An iron tank weighing 5 kg contains 20 kg of water and 6 kg of ice at 0 degrees. How much water vapor

An iron tank weighing 5 kg contains 20 kg of water and 6 kg of ice at 0 degrees. How much water vapor at 100 degrees should be introduced into the tank to melt the ice and heat the water to 70 degrees.

To determine the mass of water vapor introduced into the tank, we use the equality: mp * (L + Cw * (tp – t)) = λl * ml + Sv * (ml + mw) * t + Czh * mb * t, from where we express: mp = (λl * ml + Sv * (ml + mv) * t + Czh * mb * t) / (L + Cw * (tp – t)).

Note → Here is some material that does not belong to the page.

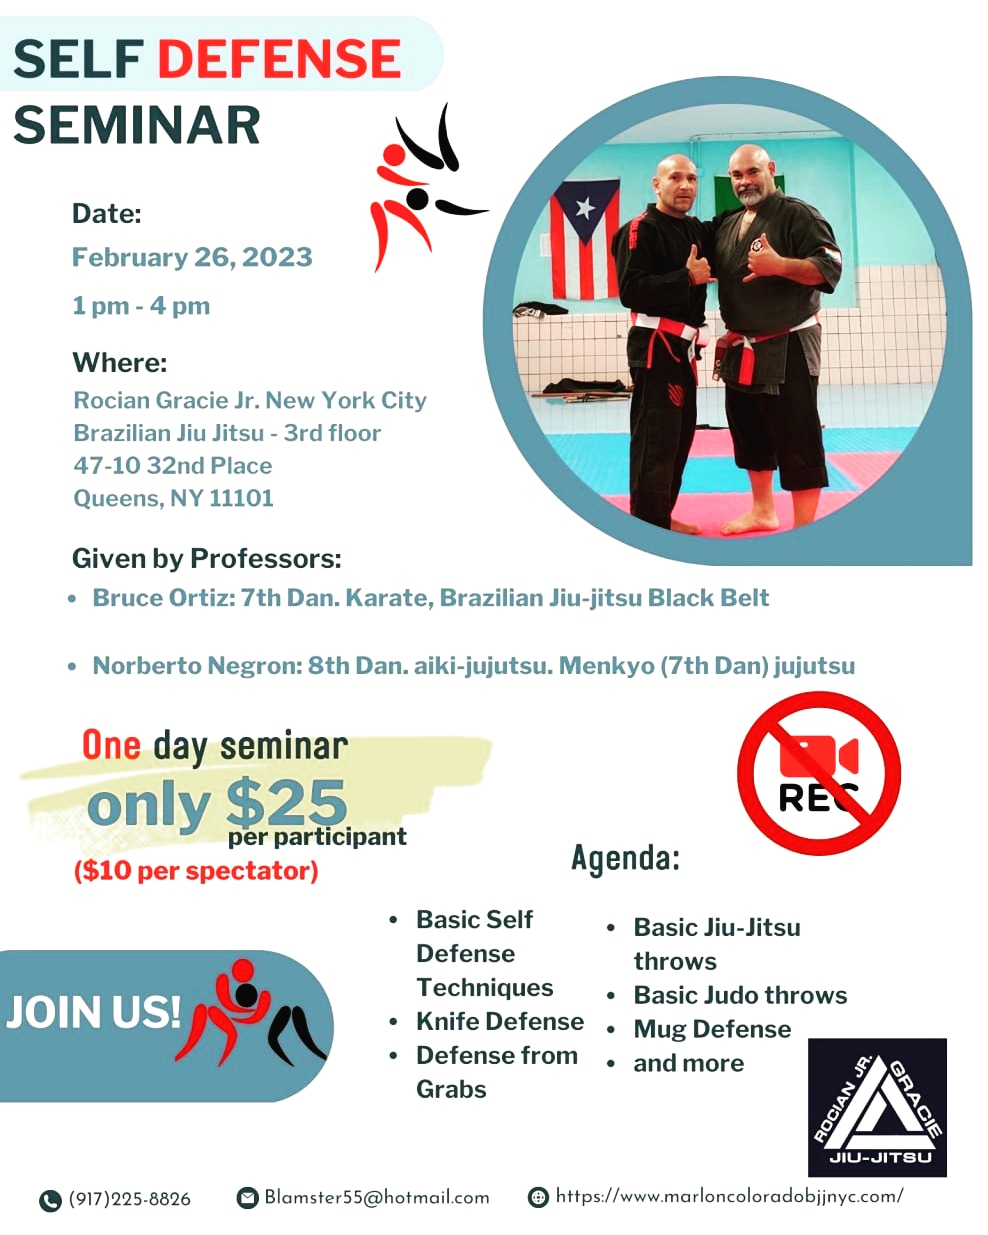 NYC Self-Defense Seminar, Knife, Mug Defense, Judo, Jiu-Jitsu Fundamentals, and more!

Constants and variables: λl – beats. heat of melting of ice (λl = 34 * 10 ^ 4 J / kg); ml is the mass of ice in the tank (ml = 6 kg); Cv – beats heat capacity of water (Cw = 4.2 * 10 ^ 3 J / (kg * K)); mw is the mass of water before steam injection (mw = 20 kg); t – equilibrium temperature (t = 70 ºС); Szh – beats heat capacity of iron (Czh = 460 J / (kg * K)); mb is the mass of the iron tank (mb = 5 kg); L – beats. heat of condensation of water vapor (L = 2.3 * 10 ^ 6 J / kg); tp is the temperature of the steam before it is introduced into the tank (tp = 100 ºС).

Calculation: mp = (34 * 10 ^ 4 * 6 + 4.2 * 10 ^ 3 * (6 + 20) * 70 + 460 * 5 * 70) / (2.3 * 10 ^ 6 + 4.2 * 10 ^ 3 * (100 – 70)) = 4.06 kg.

Answer: You need to enter 4.06 kg of water vapor into the tank.